### Stored data
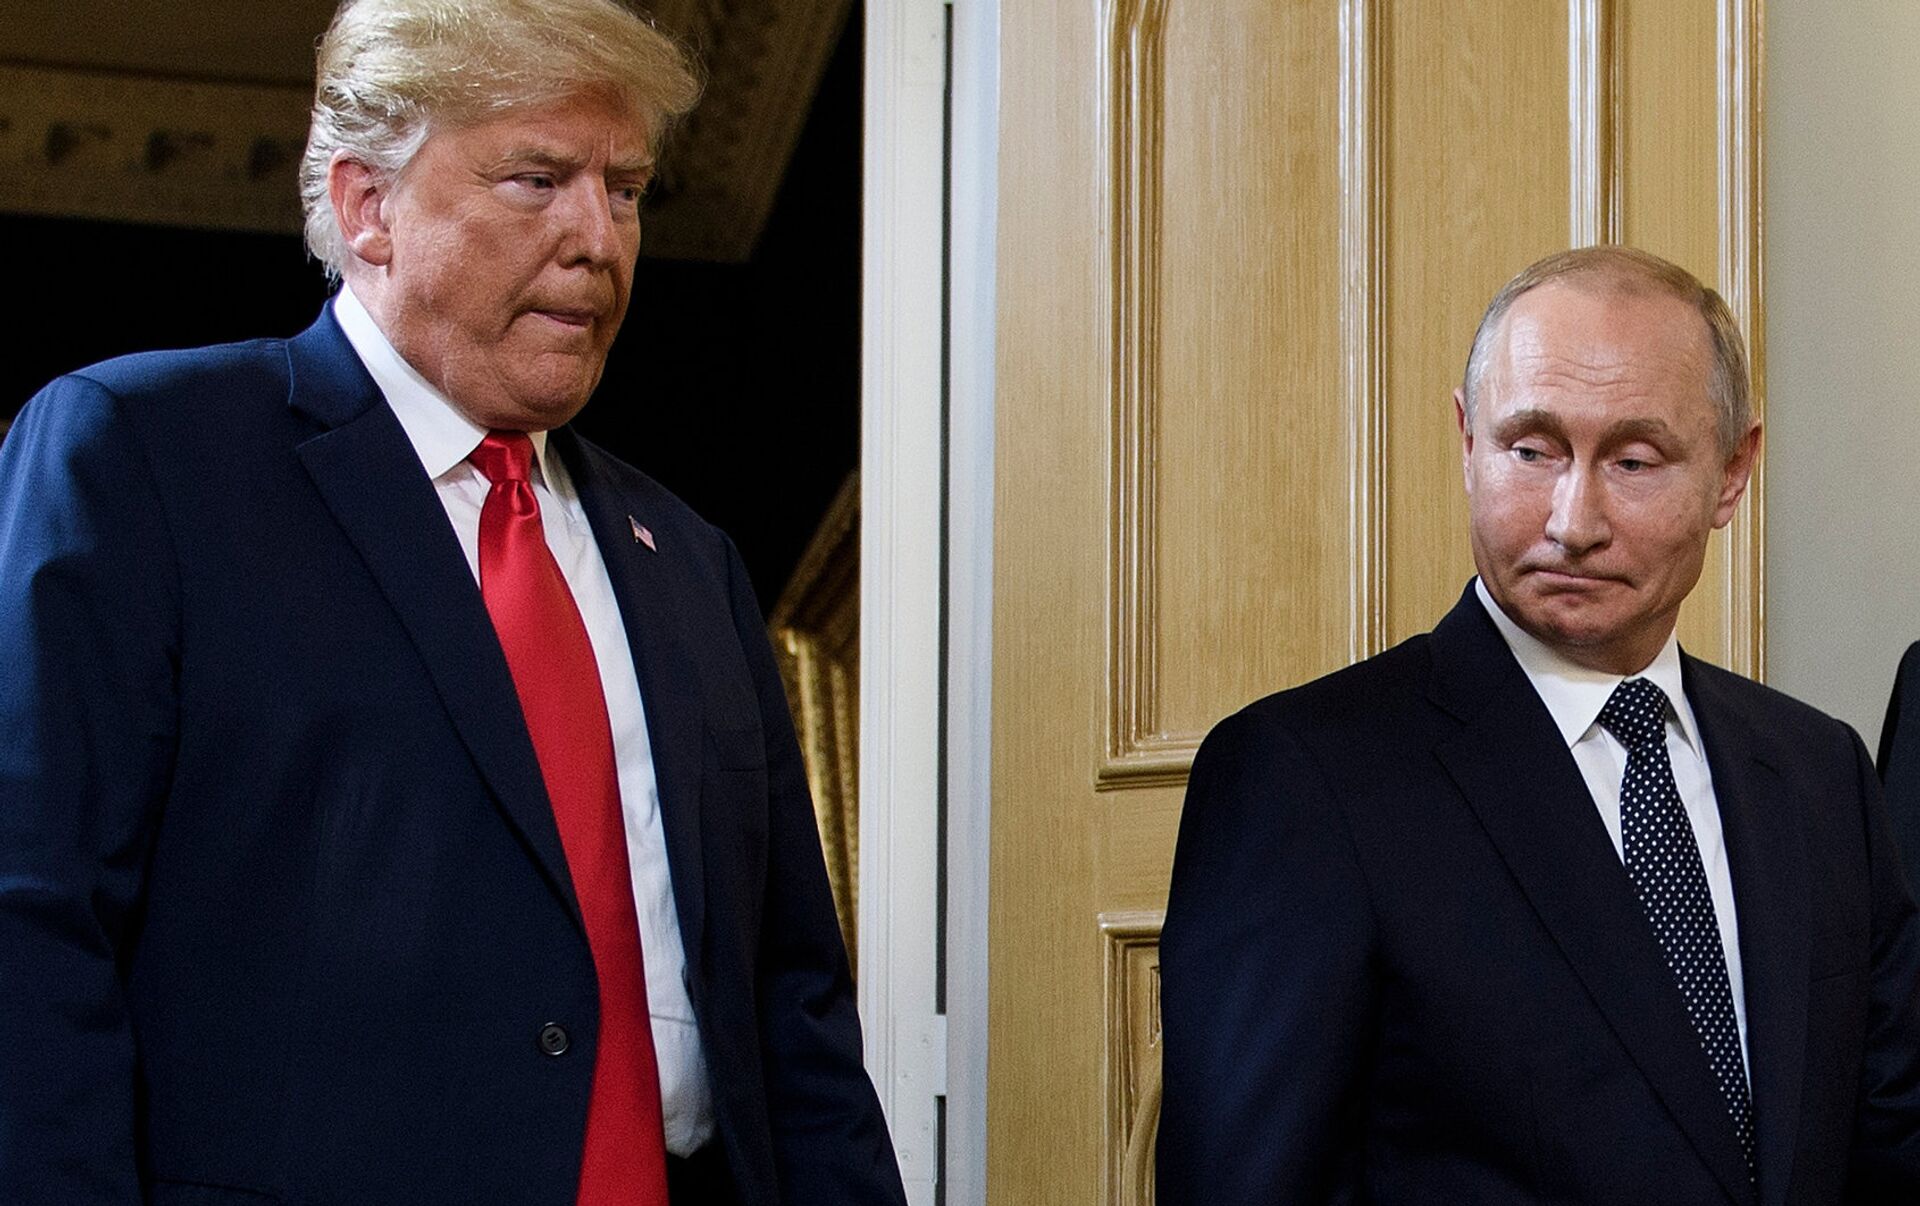 G20峰会前普京与特朗普热烈交谈 - 2019年6月28日, 俄罗斯卫星通讯社
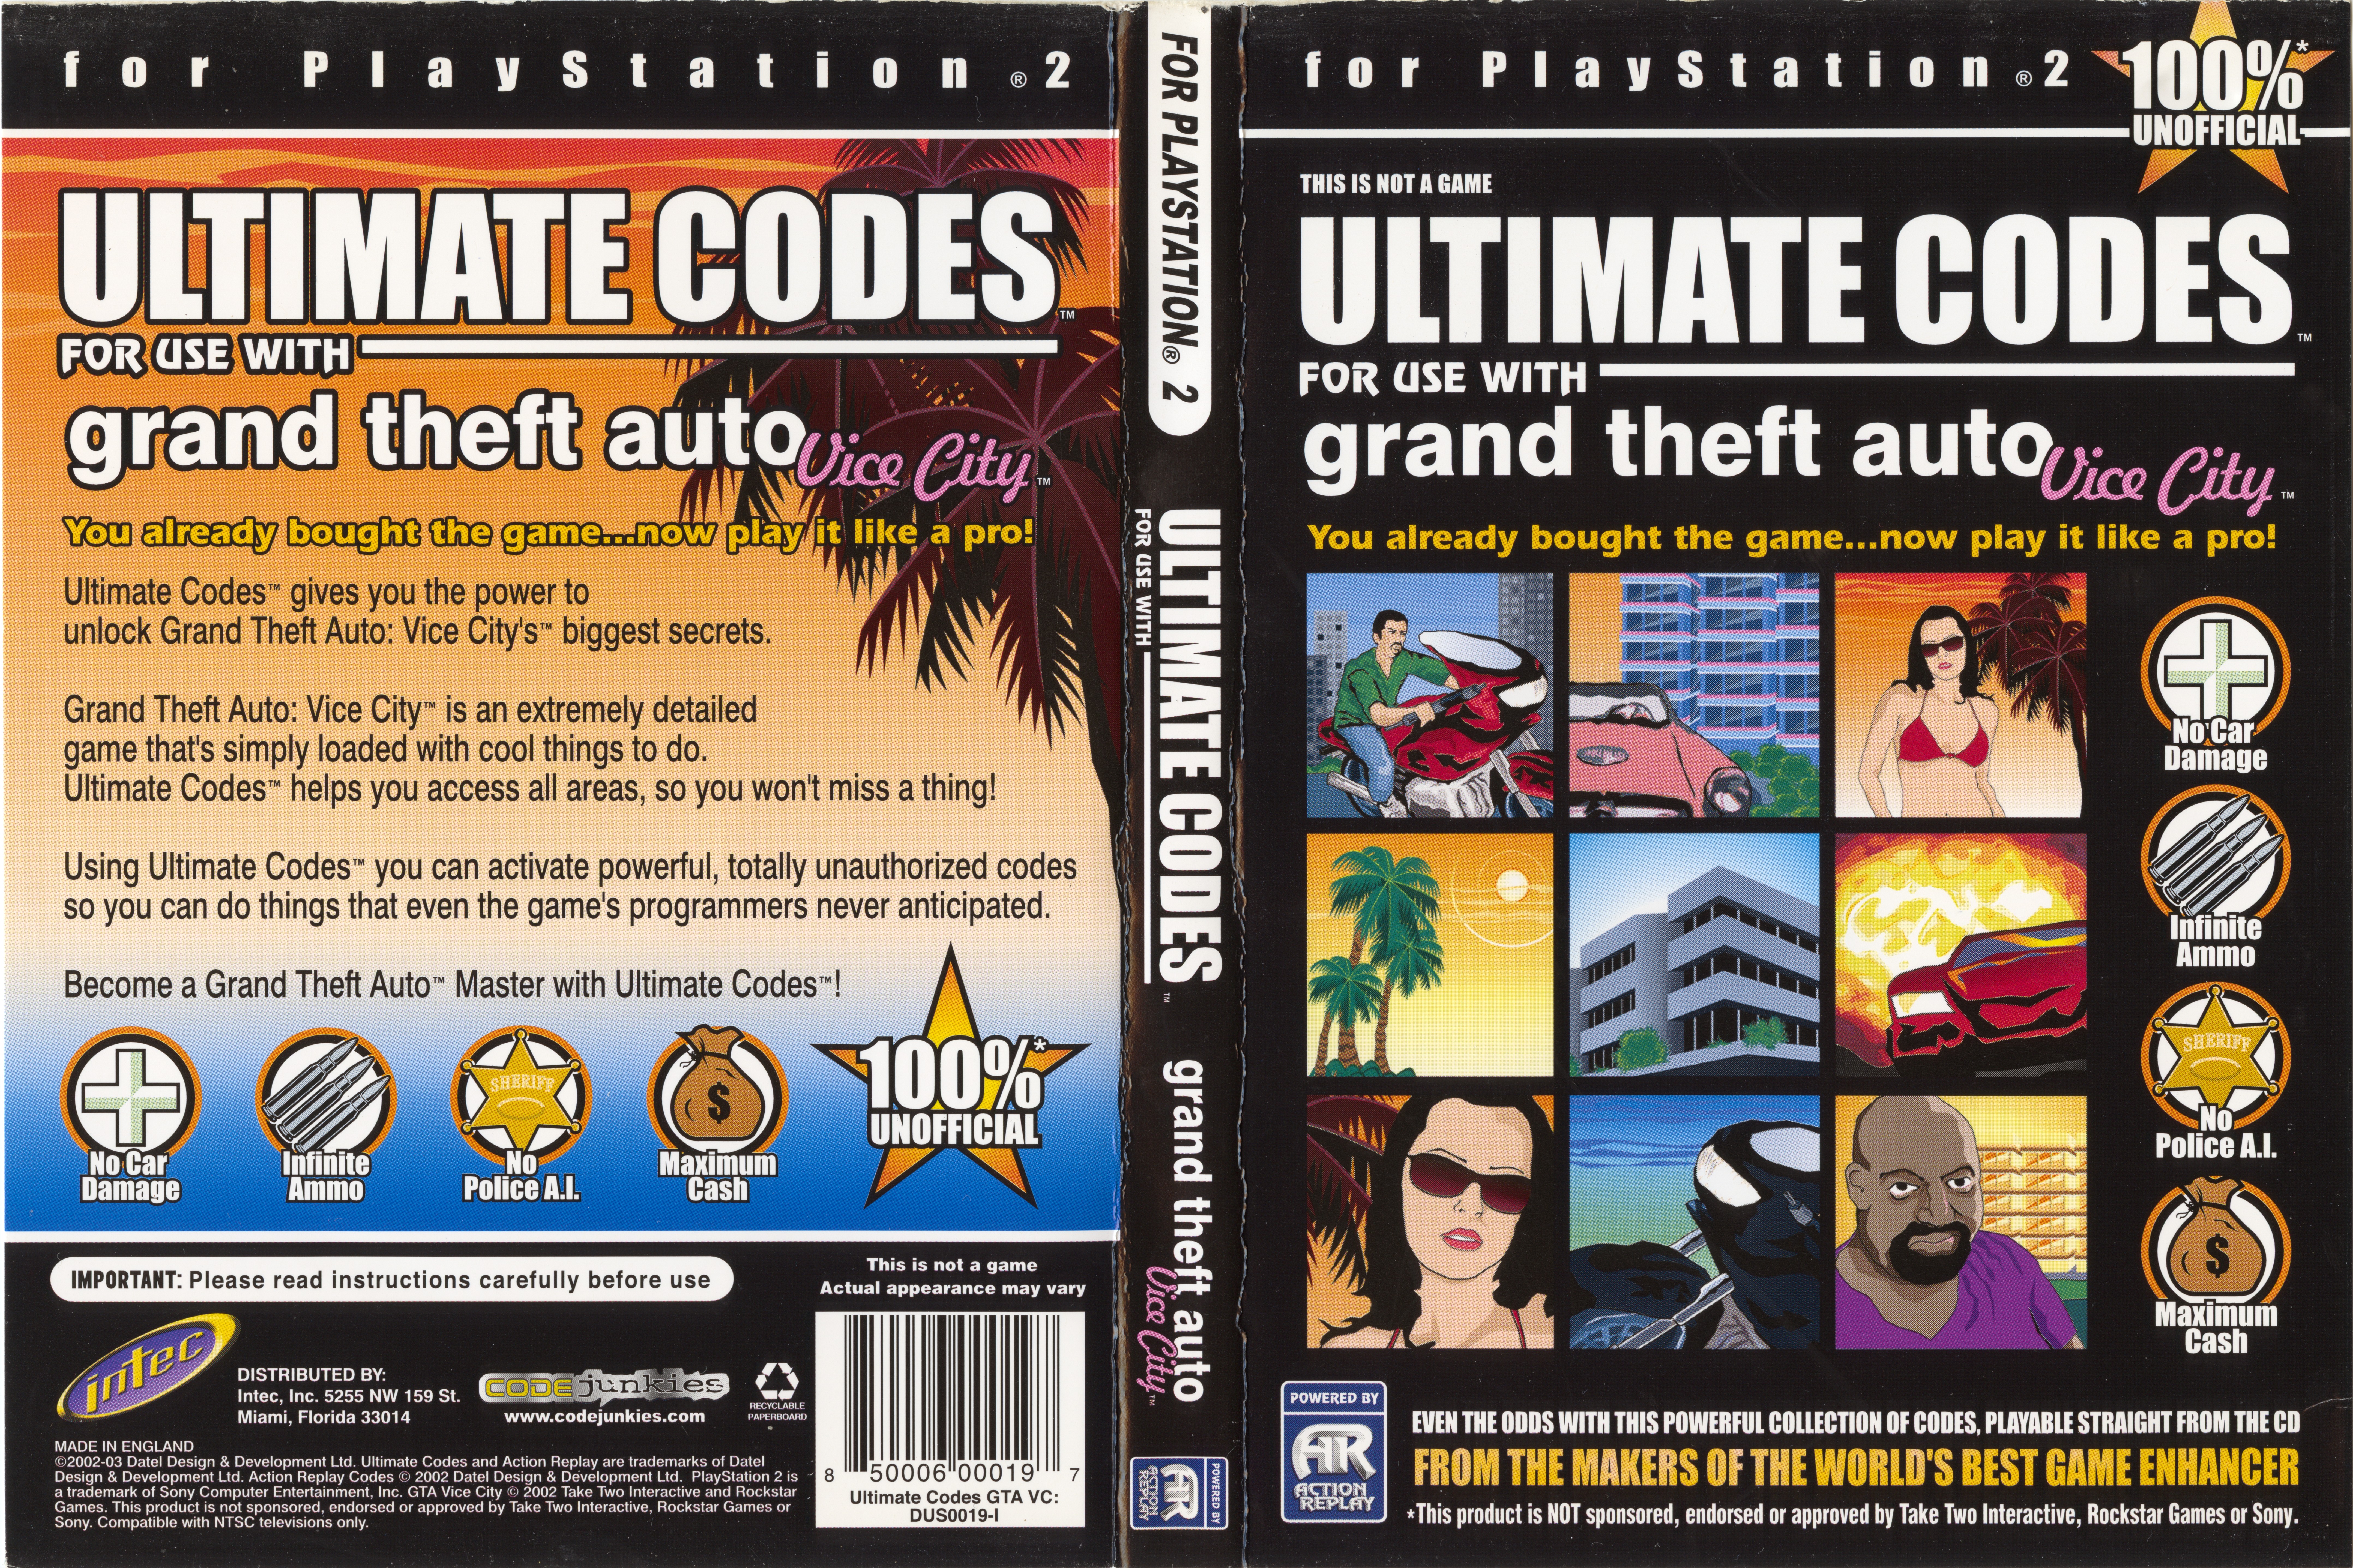 Jogo GTA San Andreas Completo Original Black label PS2
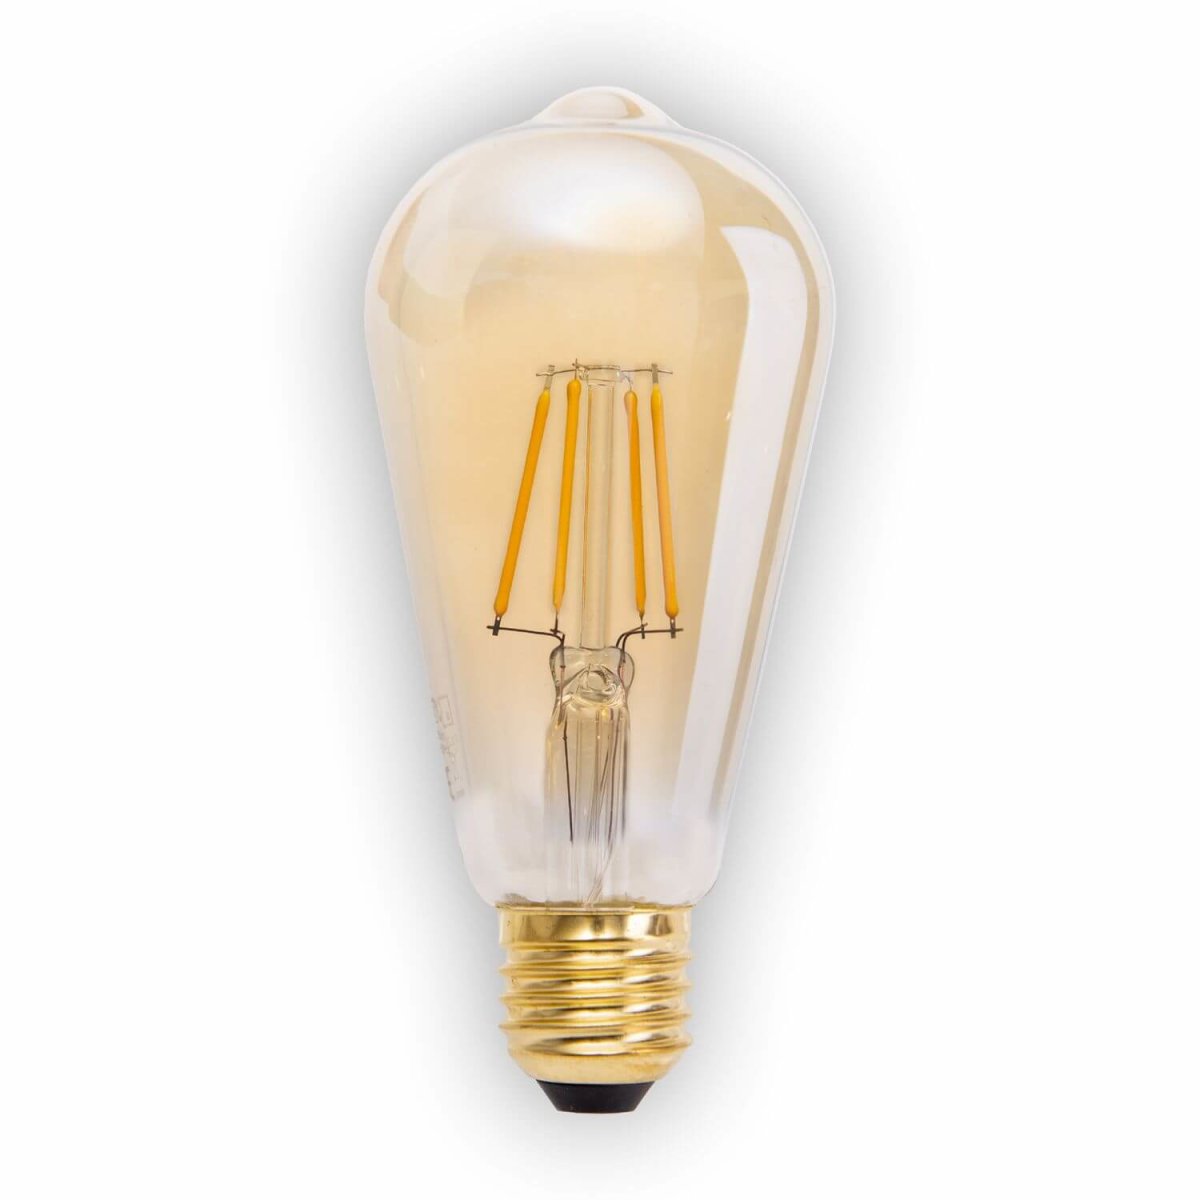 Näve LAMPE 4106804 LED Ø6,4cm Warmweiss weiß dimmbar Leuchtmittel LED
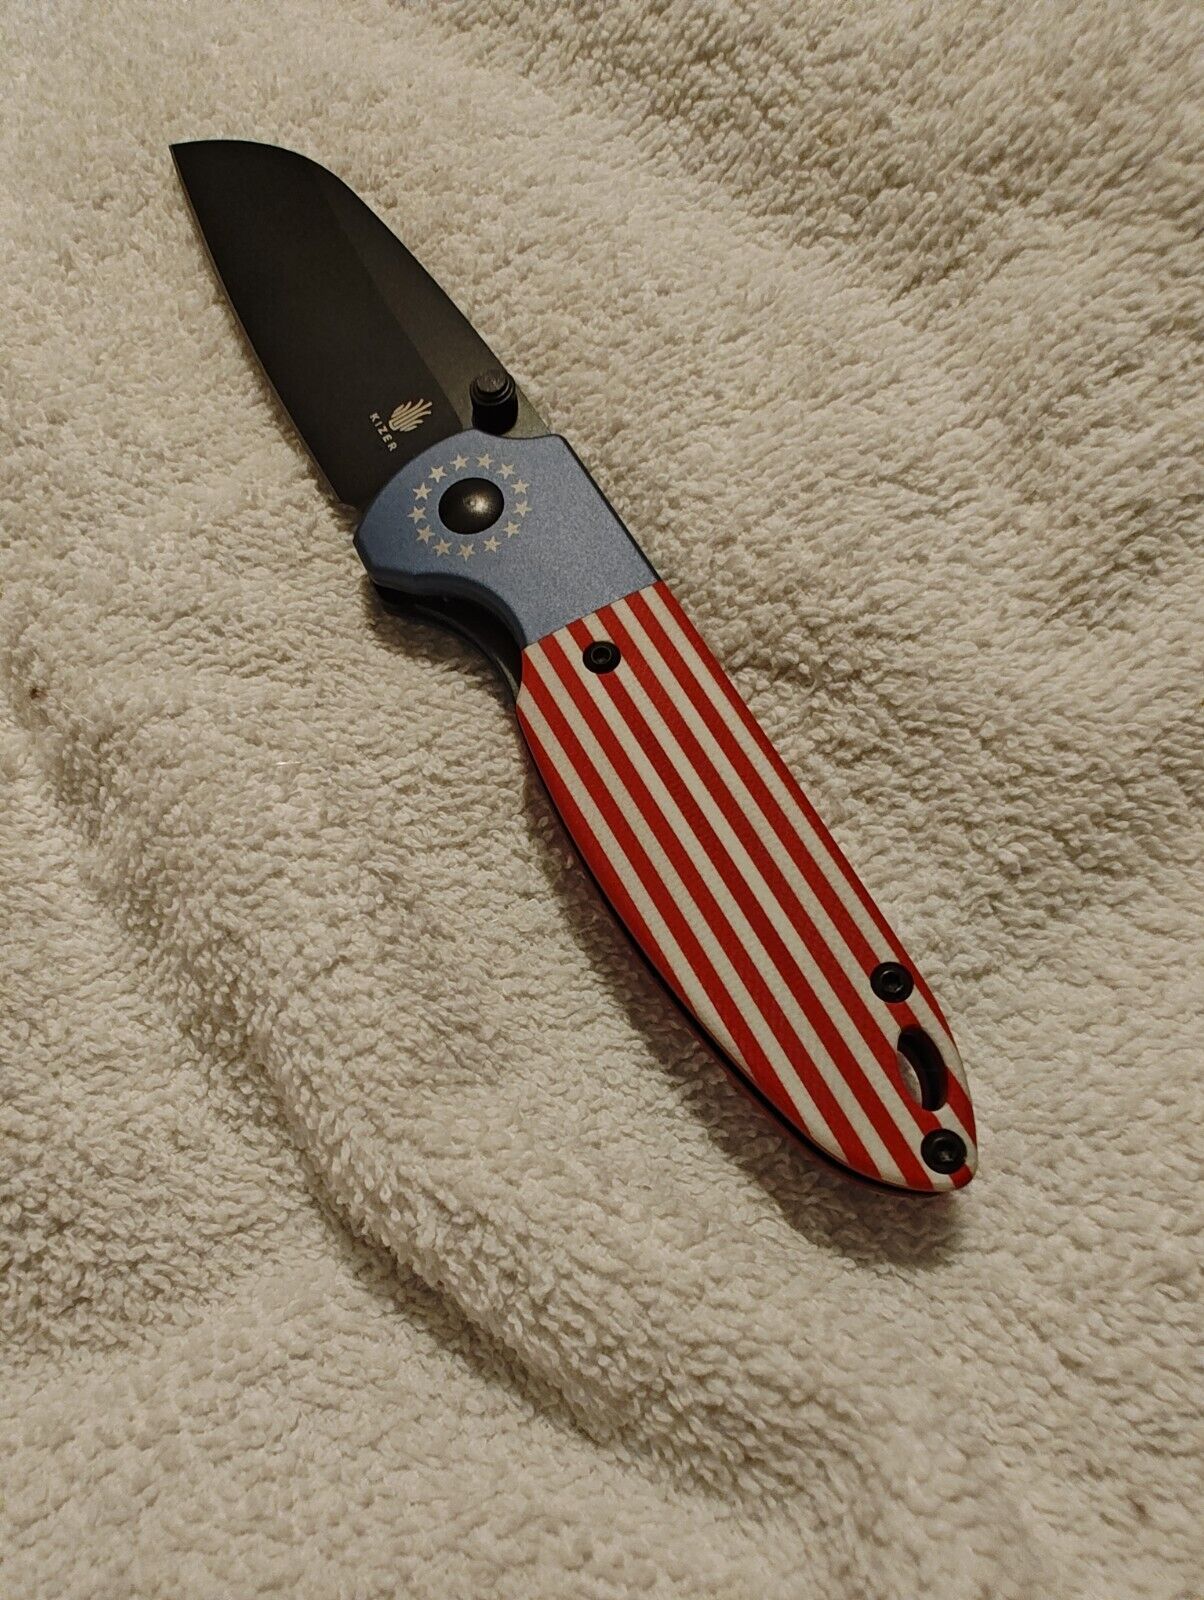 KIzer Deviant Folding Knife, US Betsy Ross Flag Theme, Aluminum/G-10 Scales

### Problem to work on
Write out everything in the data word for word. Omit each picture.

### Solution to this problem
 G20峰会前普京与特朗普热烈交谈 - 2019年6月28日, 俄罗斯卫星通讯社
 Jogo GTA San Andreas Completo Original Black label PS2
 Näve LAMPE 4106804 LED Ø6,4cm Warmweiss weiß dimmbar Leuchtmittel LED
 KIzer Deviant Folding Knife, US Betsy Ross Flag Theme, Aluminum/G-10 Scales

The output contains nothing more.